To summarize North American fossil fuel derangement, you only need two sentences: The Gulf of Mexico was on fire this weekend. On Monday, the company responsible got a new offshore drilling gig.
Mexico’s state-owned utility company Petróleos Mexicanos, or Pemex, first noticed a leak in its subaqueous pipeline early Friday morning. A lightning strike then set the leak ablaze. The boats Pemex dispatched put out the fire after about four hours, after which, according to CBS News, the pipeline resumed “normal operating conditions.” Come Monday, Mexico’s energy ministry announced that Pemex had earned the right to drill one of the nation’s largest remaining offshore oil fields, much to the chagrin of the consortium of private companies that also wanted to extract from the same location.
Federal government action to curb fossil fuel extraction is both deeply necessary and increasingly unlikely. Monday’s Pemex decision echoes a familiar pattern in the United States and Canada of rewarding poor results with bigger contracts and more ambitious operations. Companies and federal governments remain determined to squeeze out short-term victories for gas and oil interests. As my colleague Kate Aronoff wrote last week, Exxon’s apparent success in reducing the number of climate-related items in the Biden administration’s infrastructure package is yet another example of a government opting to satisfy those who plunged us into this mess. Where can people turn if the immediacy of the moment demands a more drastic response than our current political options afford?
Individual action is a fraught concept these days—with good reason. The individualization of responsibility for climate change may be one of corporate America’s most sinister, and effective, marketing ploys, belonging in some hall of infamy alongside the ads from Big Tobacco claiming cigarettes help soothe scratchy throats. No single person can offset the inaction of presidents or Cabinet members or the executives at Chevron and Exxon.
Those like myself who follow and report on national politics, however, can sometimes overstate federal authority as the be-all and end-all for emissions and climate change. While we do need national governments to act, individuals, when they band together as communities, have far more power than one might think.
On Monday, oil pipeline company Plains All American announced that it will be shelving its plan to construct the Byhalia Connection pipeline, a project also sponsored by Valero that was slated to cut through Memphis on its way to Byhalia, Mississippi, where its oil would then be exported. In a statement, a spokesperson for Plains All American wrote that the decision was the result of “lower US oil production resulting from the Covid-19 pandemic.” But as Otis Sanford argued at Local 24 News, the pipeline also failed because the communities affected came together and said no.
Byhalia Connection’s developers believed, based on decades of industry practice, that they could get away with slating an oil pipeline to run through several Black neighborhoods in southwest Memphis. A land agent working for the company reportedly even went as far as to admit that Plains All American constructed the route because the company believed it offered, “the point of least resistance.” In other words: Rich white political donors do not live there, making it the ideal location for an underground pipeline. But a group of citizens—Sanford names “Justin Pearson, Kizzy Jones, Kathy Robinson, and others who launched Memphis Community Against Pollution”—took a stand.
In partnership with the Memphis-based environmental group Protect Our Aquifer, the communities filed lawsuits against Plains All American, pressured and petitioned Tennessee state agencies to rescind the pipeline’s permits, and advocated for their rights to live on unpolluted lands, until they organized their way into the national spotlight. “This community is standing up and saying no more, we’ve had enough,” Robinson told ABC News. “For the past 50 years, this specific community in Memphis has received whatever the rest of Memphis and Shelby County would dare not accept in other places.”

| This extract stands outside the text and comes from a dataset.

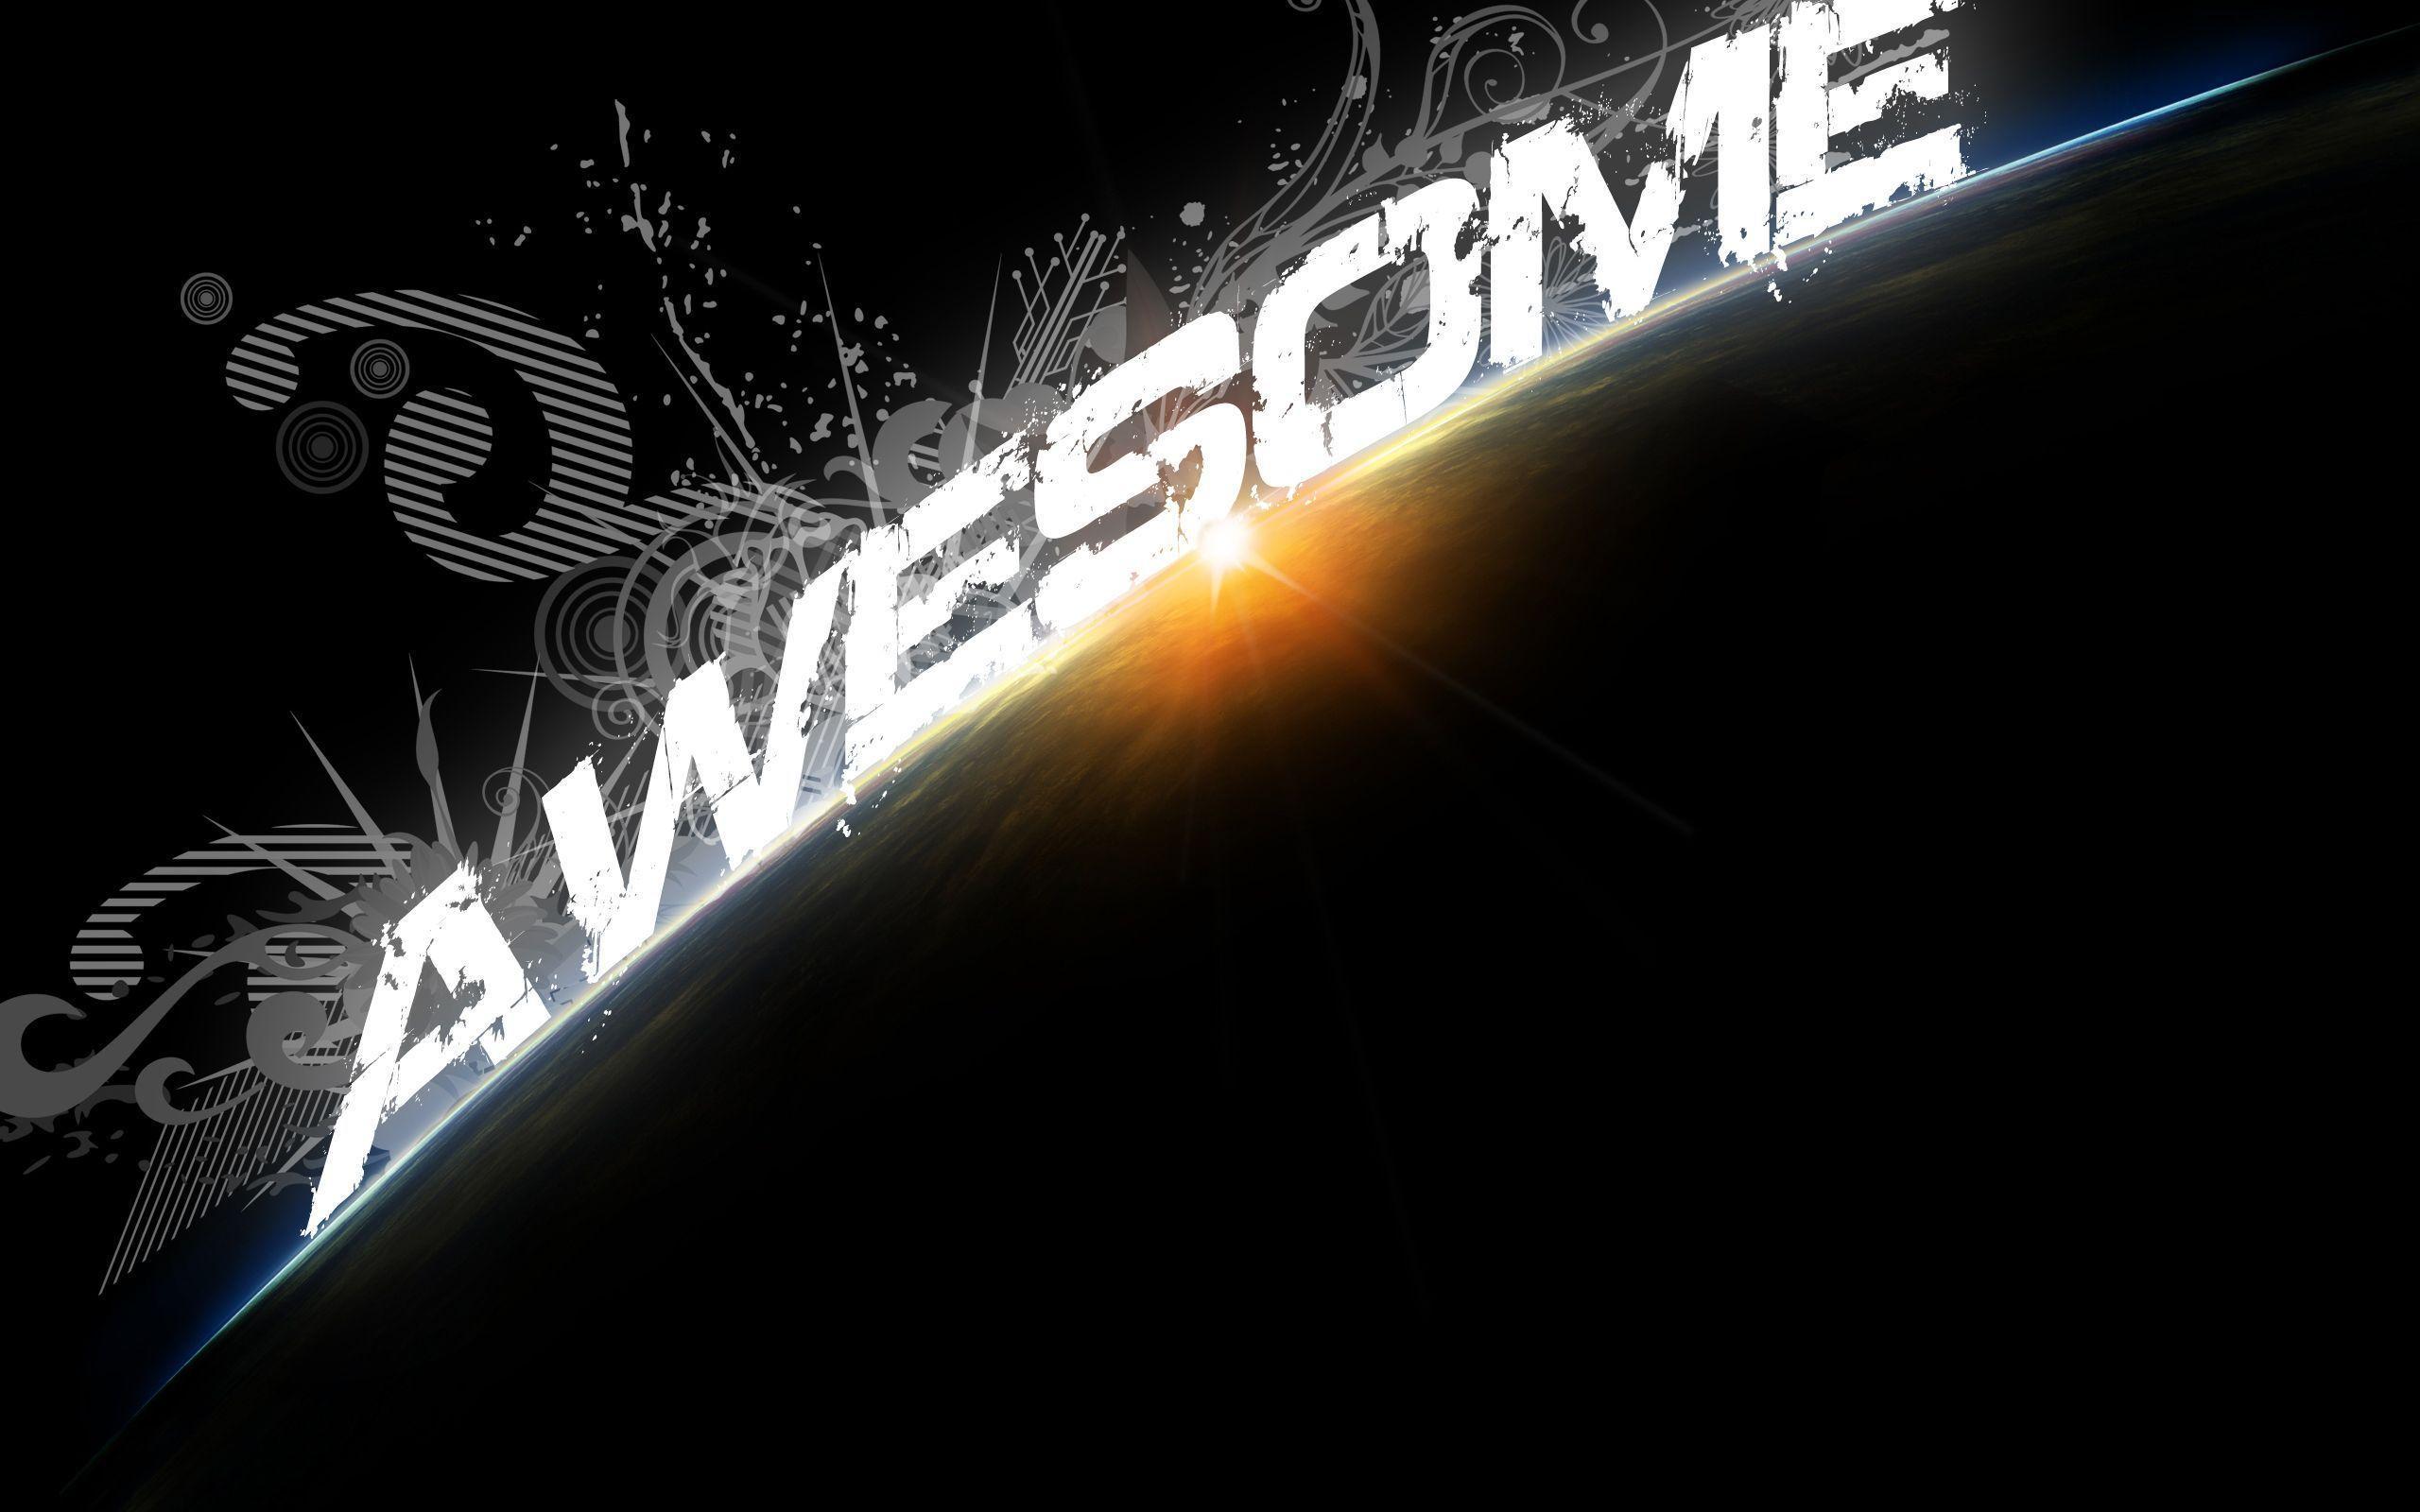 Awesome Wallpaper 11 cool picture 29050 HD Wallpaper. Wallroro

This story is not an exception. Local, community-driven resistance has been one of the most effective ways to highlight and counter the cold ruthlessness of extractive outfits. It is the same approach that was taken by Black and Native communities throughout Virginia and North Carolina as Duke and Dominion Energy pulled strings within the state governments to try and force through the Atlantic Coast pipeline. It’s the same one being employed by Line 3 water protectors and allies in Minnesota.
The Memphis victory, like the ACP victory, presents a possibility. Local and regional rejections of extractive energy production, particularly those of the fossil fuel variety, may currently be the best opportunity for communities within the U.S. to attain some semblance of environmental justice. That this is the case is an indictment of the current administration but also a testament to the power of communities, regardless of socioeconomic or political status.

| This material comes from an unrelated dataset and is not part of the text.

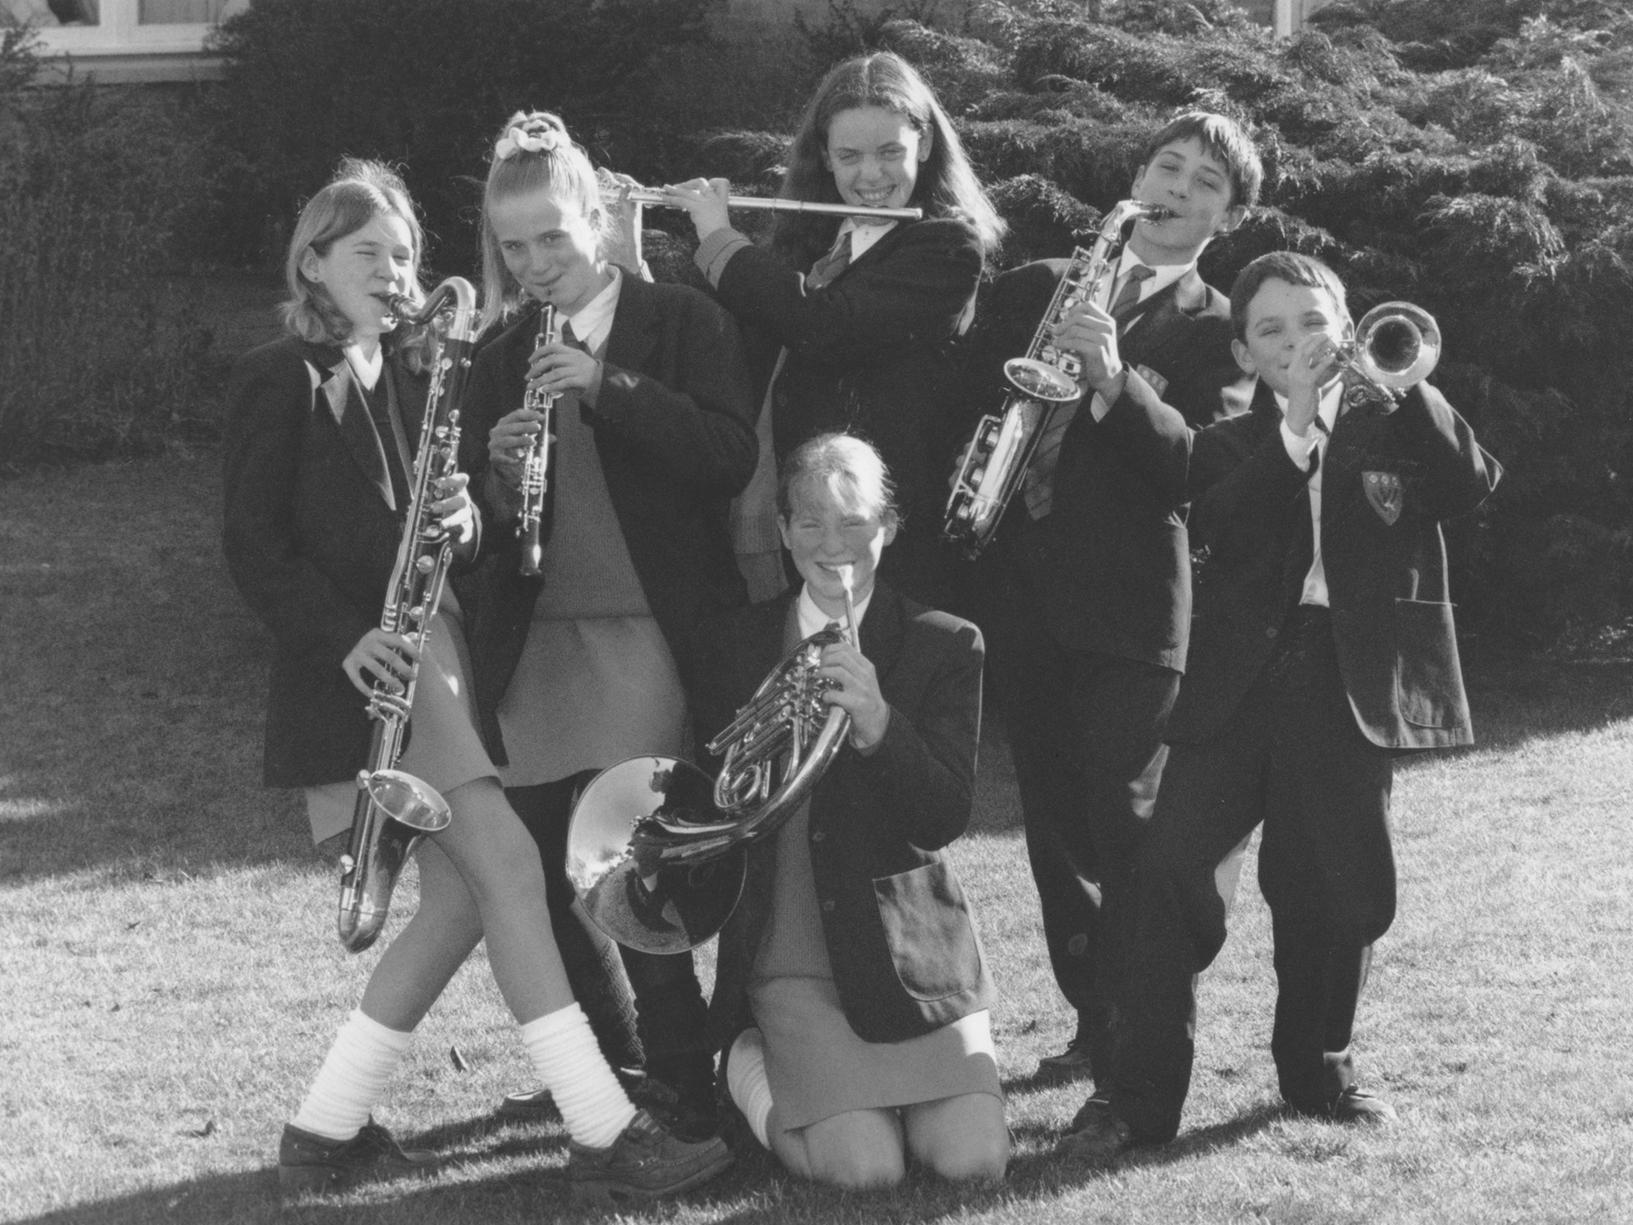 In March 1997 Scalby School pupils were having fun making music. Pictured from left, Rachel Bettley, Rachael Nicholson, Ian Robinson, Neil Tofrik, and front Joanne Vasey. Can you name the other students?

At present, projects like the Line 3, Line 5, Dakota Access, and Jordan Cove pipelines are, theoretically, one stroke of the president’s pen away from cancellation. But depending on career politicians to make difficult decisions in the name of environmental justice does not feel nearly as sustainable as the model implemented in Memphis.
Certainly, community-driven responses sans federal assistance have their limits: Community action couldn’t have stopped the fire in the Gulf this past weekend. Our governments should already be working alongside our communities, not against them. But until that happens, neighborhoods banding together to stand up for themselves may be our best shot.